# Work order:
Only the lines below starting at the one that contains "Villa Notman in" and ending at the one that contains "ESV Illuminated Scripture" are to be reproduced, exactly and with both ends kept.

# Exercise input:
>>>

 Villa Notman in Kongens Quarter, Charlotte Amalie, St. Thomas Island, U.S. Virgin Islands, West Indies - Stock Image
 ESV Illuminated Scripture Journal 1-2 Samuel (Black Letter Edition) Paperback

<<<
>>>

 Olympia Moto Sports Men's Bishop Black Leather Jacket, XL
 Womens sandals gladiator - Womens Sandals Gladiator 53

<<<
>>>

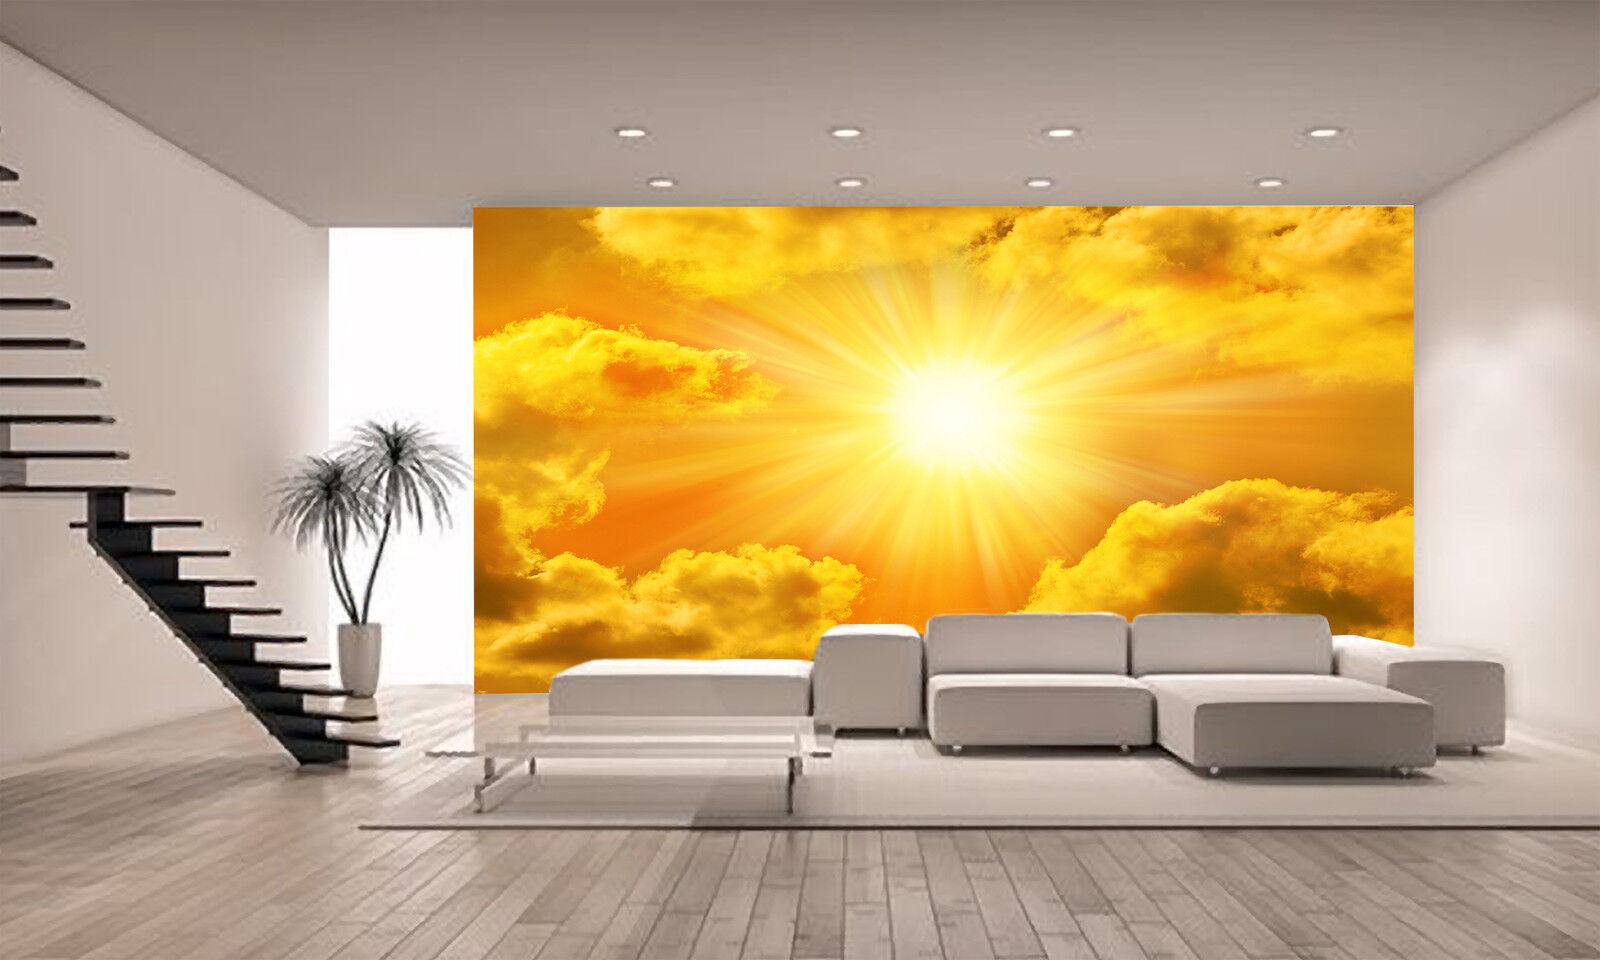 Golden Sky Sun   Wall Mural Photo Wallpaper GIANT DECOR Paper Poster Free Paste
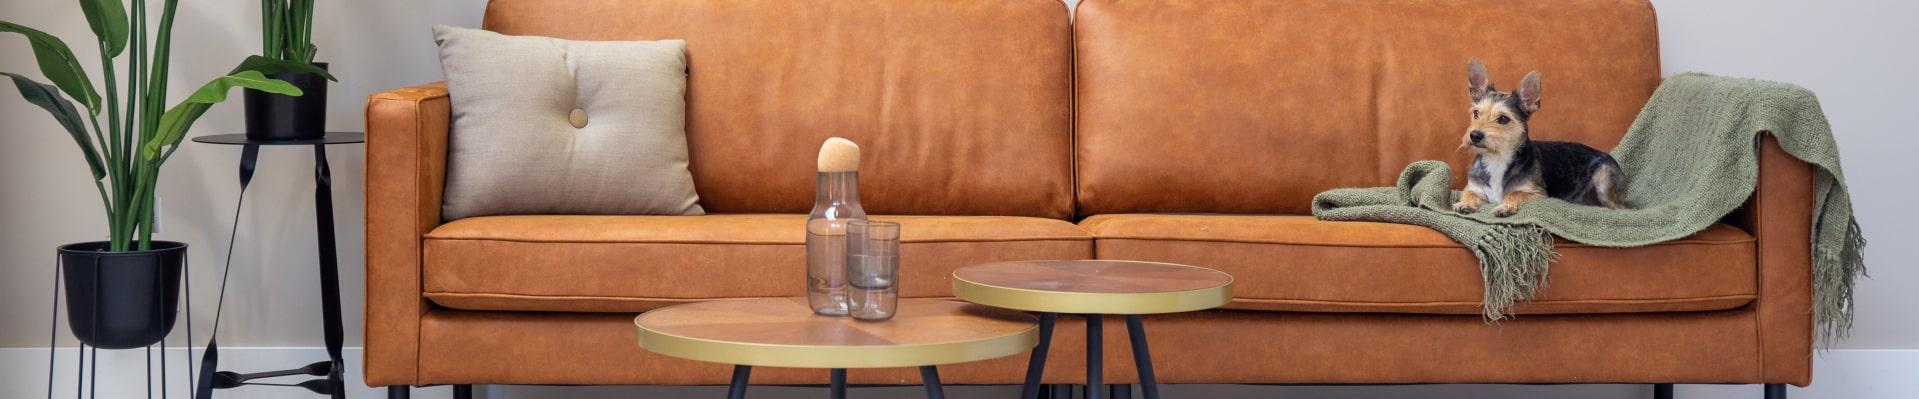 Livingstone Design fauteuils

<<<

# Solution:
 Villa Notman in Kongens Quarter, Charlotte Amalie, St. Thomas Island, U.S. Virgin Islands, West Indies - Stock Image
 ESV Illuminated Scripture Journal 1-2 Samuel (Black Letter Edition) Paperback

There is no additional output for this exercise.